Abstract:
A split tuning filter is disclosed in which at least two separate electrically interconnected filter sections mounted on a common circuit board are magnetically isolated through an isolation area defined by a pair of spaced isolation shields. A conductor interconnecting the two filter sections passes through the isolation area and has an external terminal connected thereto which allows each of the two filter sections to be independently tuned, with the isolation area minimizing the tuning impact of one filter section on the other. To further increase magnetic isolation, respective resonating capacitors provided in the filter sections have grounded plates perpendicularly interposed in the line of sight between primary tuning coils which are also respectively provided in the filter sections, with the grounded plates facing toward the isolation shields.

Description:
BACKGROUND AND SUMMARY OF THE INVENTION 
     The present invention relates to tuned filters and, more particularly, to tuned notch filters which are particularly suitable for use in: (1) removing one or more single or multiple frequency scrambling signals injected into a TV channel to eliminate the possibility of intelligible reception of video and/or audio information; or (2) removing a video carrier in a TV channel to prevent its reception. 

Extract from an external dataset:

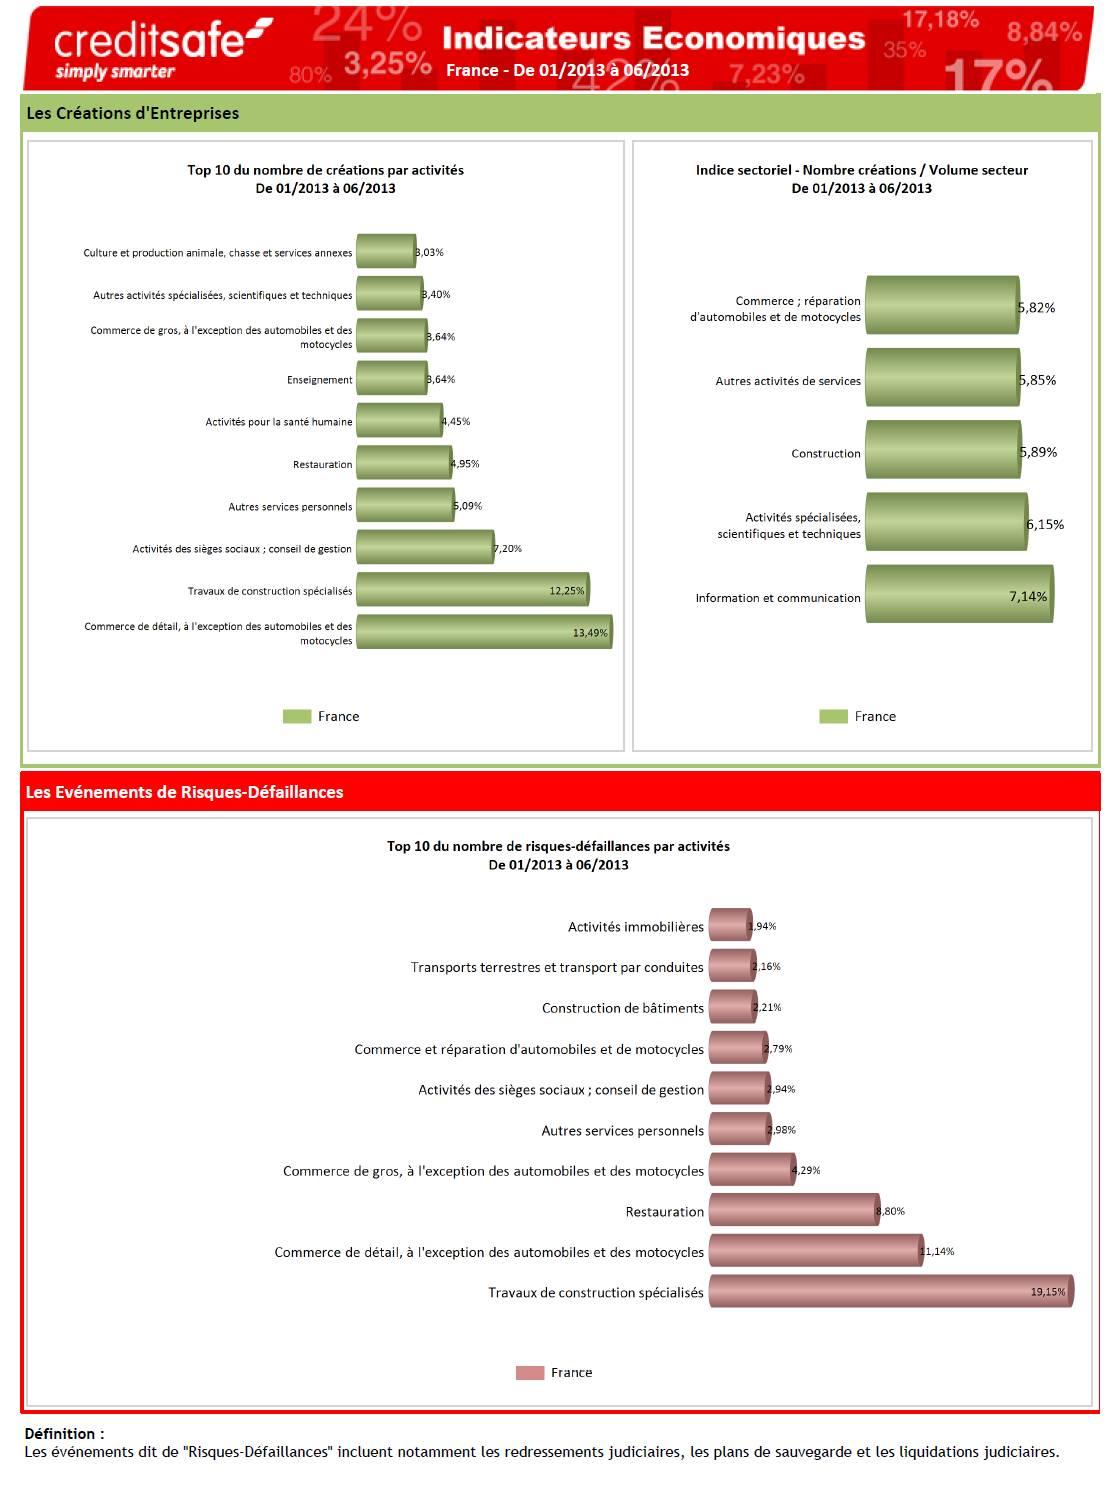 Les baromètres économiques régionaux 2013

     A critical requirement of tuned notch filters used in the environments just described is that the filter have a high degree of stability and reliability and further that the filter be economically constructed and quickly and precisely tuned to the proper frequency to ensure complete elimination of the signals to be removed. 
     Typically, notch filters used in the environments described above must be capable of approximately 80 dB of attenuation at the center frequency of the notch. In order to tune such a filter it is necessary that the tuning equipment be capable of measuring this large degree of attenuation across the filter, requiring sophisticated and expensive equipment. An additional problem with notch filters used in the environments described is that typically more than one filter section is employed in cascade to achieve the high attenuation required, each of which must be independently tuned. However, the tuning of one filter section will affect the electrical performance of the other filter section because of magnetic coupling between the two which increases significantly the time taken to tune the overall filter. 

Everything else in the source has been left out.